The U.K.’s speed in securing yet-to-be-approved vaccines has paid off so far, giving the country a significant head start in inoculations as compared to the EU. It is also central to the explosive argument over AstraZeneca’s vaccine, which was green-lit in the U.K. last month and is expected to be approved by the European Medicines Agency on Friday.

Apparently owing to a production glitch at a Belgian manufacturing plant, AstraZeneca informed the EU late last week that its deliveries this quarter would be 60% less than planned. The EU says this breaks the terms of their confidential contract, but AstraZeneca CEO Pascal Soriot has maintained that the contract only commits his company to best efforts, given that it had a pre-existing commitment to supply large amounts of its vaccine to the U.K., which signed with AstraZeneca three months before the European Commission did.

The commission, which disputes Soriot’s version of events and is calling on AstraZeneca to make the contract public, is now talking about instituting some form of export controls on vaccines made in the EU. Depending on the details, which should emerge on Friday, this could affect supplies reaching the U.K.

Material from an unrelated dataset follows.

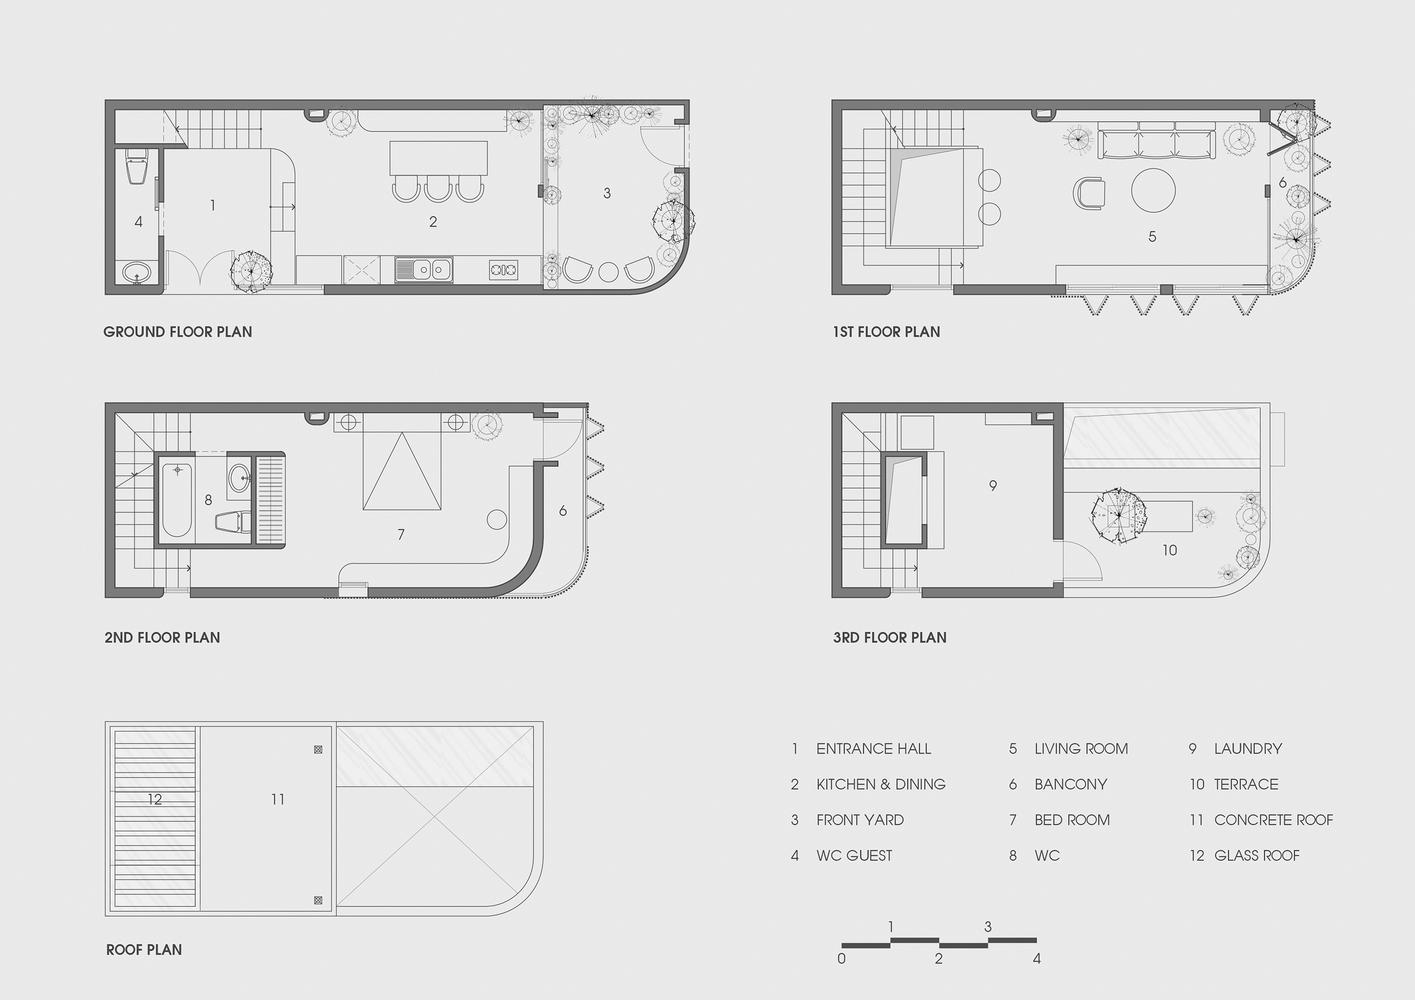 Mặt bằng thiết kế các tầng nhà
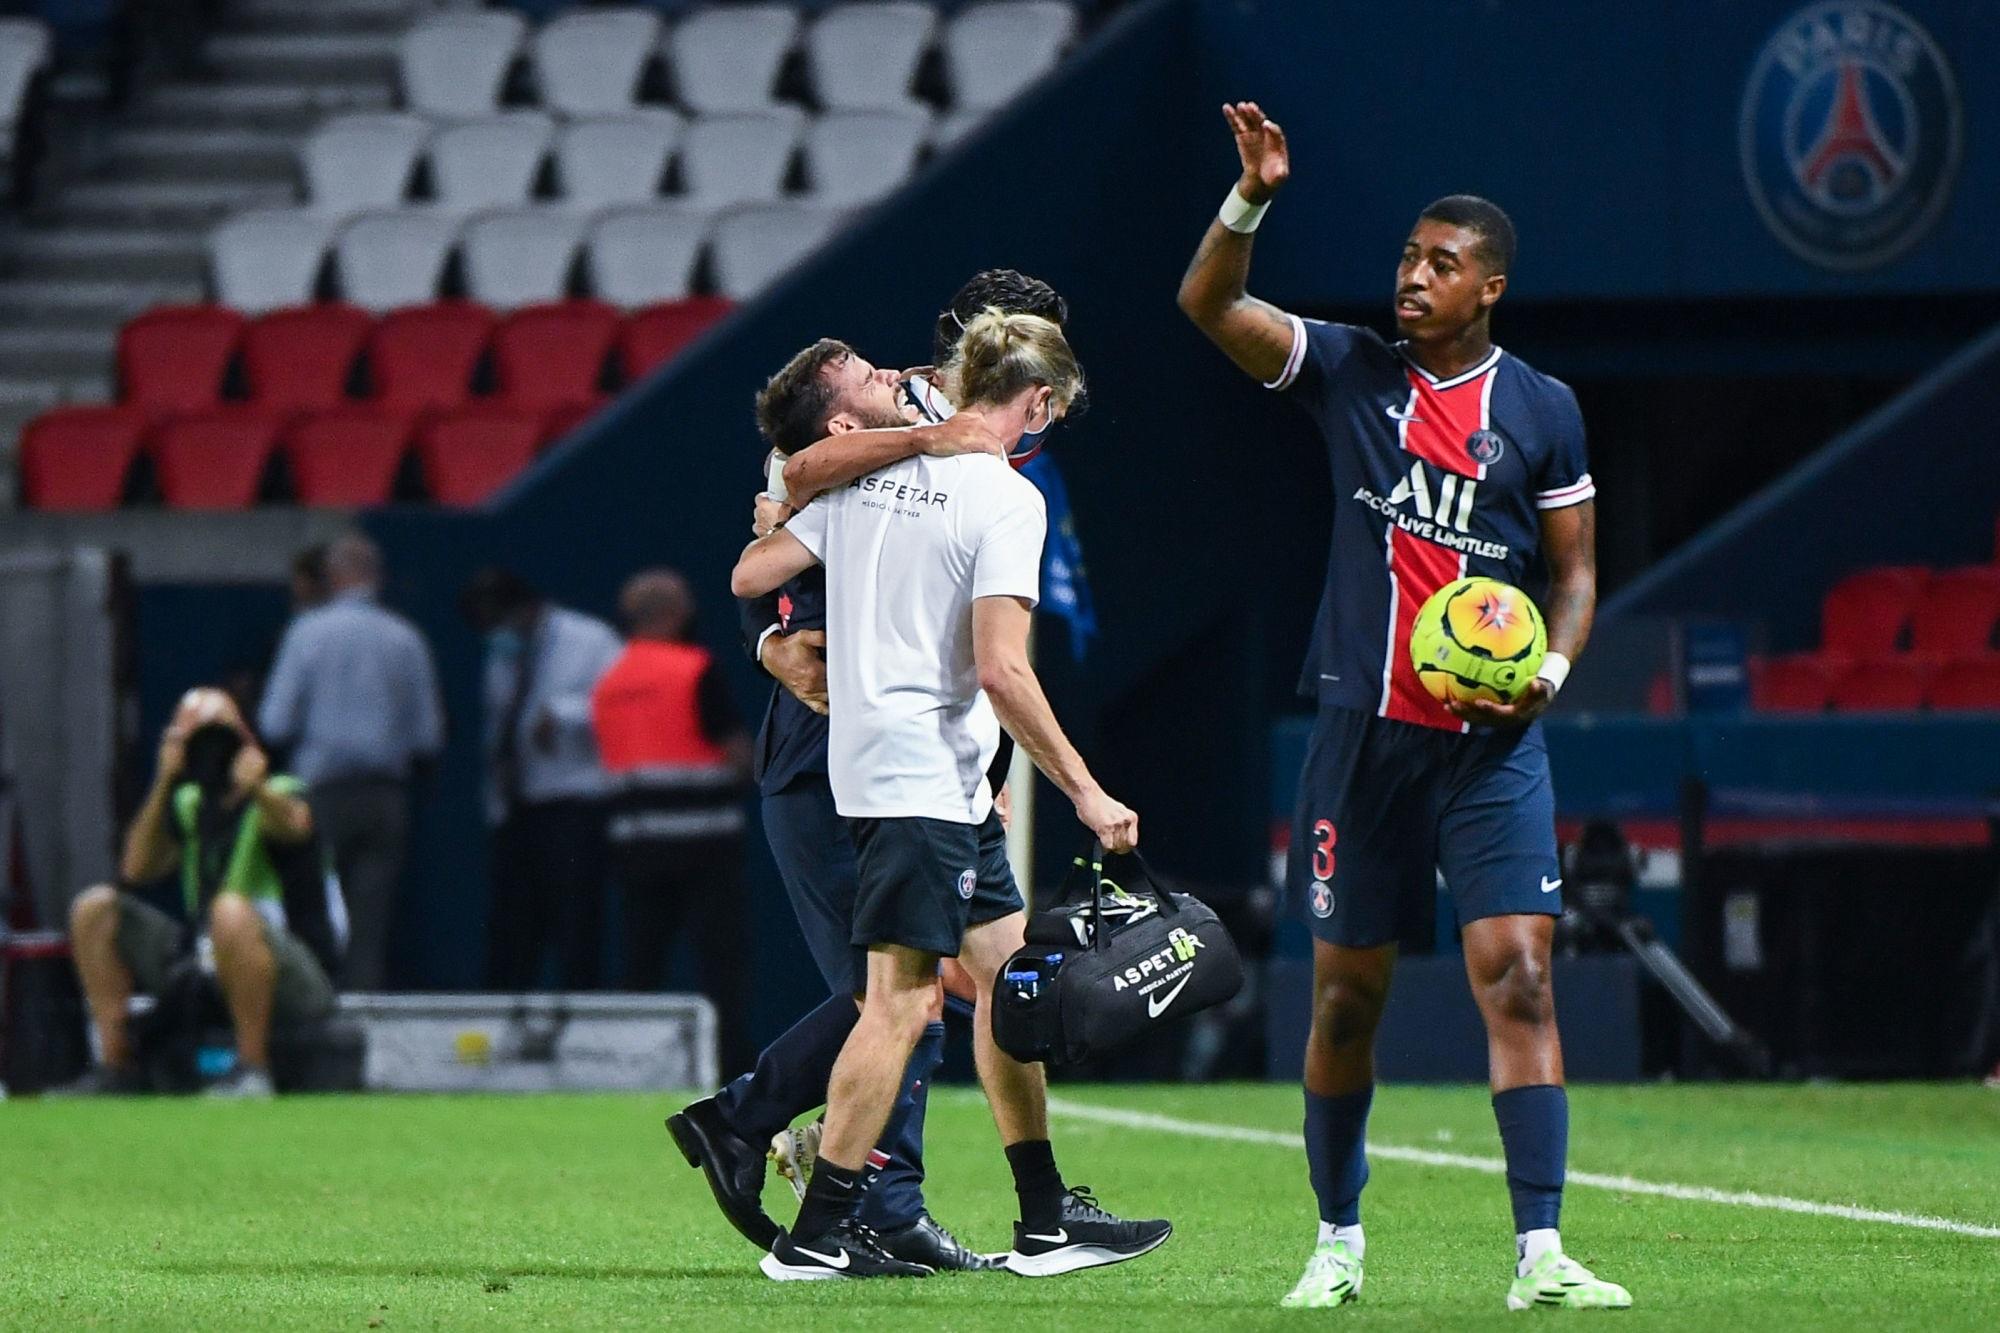 Le PSG ne compte pas recruter un latéral pour compenser la blessure de Bernat, selon Le Parisien

Valneva’s is the only COVID-19 vaccine candidate in European trials that is “inactivated.” While the already approved Pfizer/BioNTech and Moderna vaccines use a fancy new messenger-RNA (or mRNA) technique to prime the immune system, and AstraZeneca uses a harmless virus to carry the coronavirus’s spike gene into the body, inactivated vaccines use a dead version of the coronavirus itself to provoke an immune-system response.

A similar approach is being taken by China’s Sinovac in its CoronaVac COVID-19 vaccine, which reportedly has an efficacy rate of just 50%, compared with the 90%-plus efficacy rates of the mRNA vaccines. AstraZeneca’s efficacy rate is supposedly around 70%, though there has been furious debate in recent days over how useful it is in older people—an issue that may be resolved on Friday when the European Medicines Agency delivers its recommendations.